In her blog on “Pushing the Envelope: Innovation in Legal Search” (2009) [1], Edinburgh Informatics Ph.D. candidate K. Tamsin Maxwell presents her perspective of the state of legal search at the time. The variations of legal information retrieval (IR) that she reviews − everything from natural language search (e.g., vector space models, Bayesian inference net models, and language models) to NLP and term weighting − refer to techniques that are now 10, 15, even 20 years old. She also refers to the release of the first natural language legal search engine by West back in 1993−WIN (Westlaw Is Natural) [2]. Adding to this on-going conversation about legal search, we would like to check back in, a full 20 years after the release of that first natural language legal search engine. The objective we hope to achieve in this posting is to provide a useful overview of state-of-the-art legal search today.

What Maxwell’s article could not have predicted, even five years ago, are some of the chief factors that distinguish state-of-the-art search engines today from their earlier counterparts. One of the most notable distinctions is that unlike their predecessors, contemporary search engines, including today’s state-of-the-art legal search engine, WestlawNext , separate the function of document retrieval from document ranking. Whereas the first retrieval function primarily addresses recall, ensuring that all potentially relevant documents are retrieved, the second and ensuing function focuses on the ideal ranking of those results, addressing precision at the highest ranks. By contrast, search engines of the past effectively treated these two search functions as one and the same. So what is the difference? Whereas the document retrieval piece may not be dramatically different from what it was when WIN was first released in 1993, what is dramatically different lies in the evidence that is considered in the ranking piece, which allows potentially dozens of weighted features to be taken into account and tracked as part of the optimal ranking process.

Figure 1: Views

Figure 1. The set of evidence (views) that can be used by modern legal search engines.

In traditional search, the principal evidence considered was the main text of the document in question. In the case of traditional legal search, those documents would be cases, briefs, statutes, regulations, law reviews and other forms of primary and secondary (a.k.a. analytical) legal publications. This textual set of evidence can be termed the document view of the world.

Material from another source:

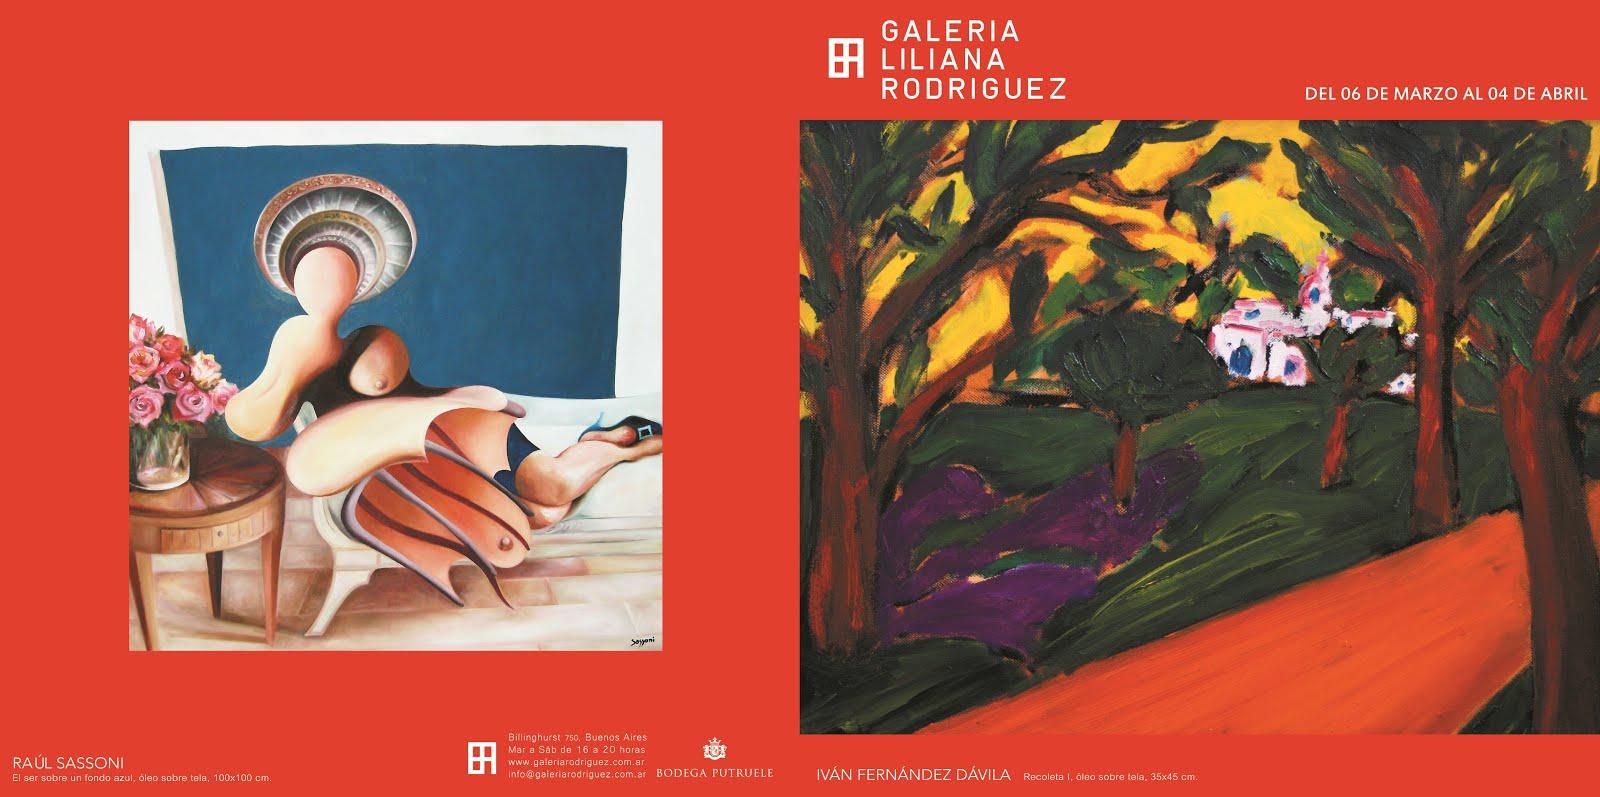 Galería Liliana Rodriguez.

In the case of legal search engines like Westlaw, there also exists the ability to exploit expert-generated annotations or metadata. These annotations come in the form of attorney-editor generated synopses, points of law (a.k.a. headnotes), and attorney-classifier assigned topical classifications that rely on a legal taxonomy such as West’s Key Number System [3]. The set of evidence based on such metadata can be termed the annotation view. Furthermore, in a manner loosely analogous to today’s World Wide Web and the lattice of inter-referencing documents that reside there, today’s legal search can also exploit the multiplicity of both out-bound (cited) sources and in-bound (citing) sources with respect to a document in question, and, frequently, the granularity of these citations is not merely at a document-level but at the sub-document or topic level. Such a set of evidence can be termed the citation network view. More sophisticated engines can examine not only the popularity of a given cited or citing document based on the citation frequency, but also the polarity and scope of the arguments they wager as well.

In addition to the “views” described thus far, a modern search engine can also harness what has come to be known as aggregated user behavior. While individual users and their individual behavior are not considered, in instances where there is sufficient accumulated evidence, the search function can consider document popularity thanks to a user view. That is to say, in addition to a document being returned in a result set for a certain kind of query, the search provider can also tabulate how often a given document was opened for viewing, how often it was printed, or how often it was checked for its legal validity (e.g., through citator services such as KeyCite [4]). (See Figure 1) This form of marshaling and weighting of evidence only scratches the surface, for one can also track evidence between two documents within the same research session, e.g., noting that when one highly relevant document appears in result sets for a given query-type, another document typically appears in the same result sets. In summary, such a user view represents a rich and powerful additional means of leveraging document relevance as indicated through professional user interactions with legal corpora such as those mentioned above.

It is also worth noting that today’s search engines may factor in a user’s preferences, for example, by knowingVOX.LegalResearch what jurisdiction a particular attorney-user practices in, and what kinds of sources that user has historically preferred, over time and across numerous result sets.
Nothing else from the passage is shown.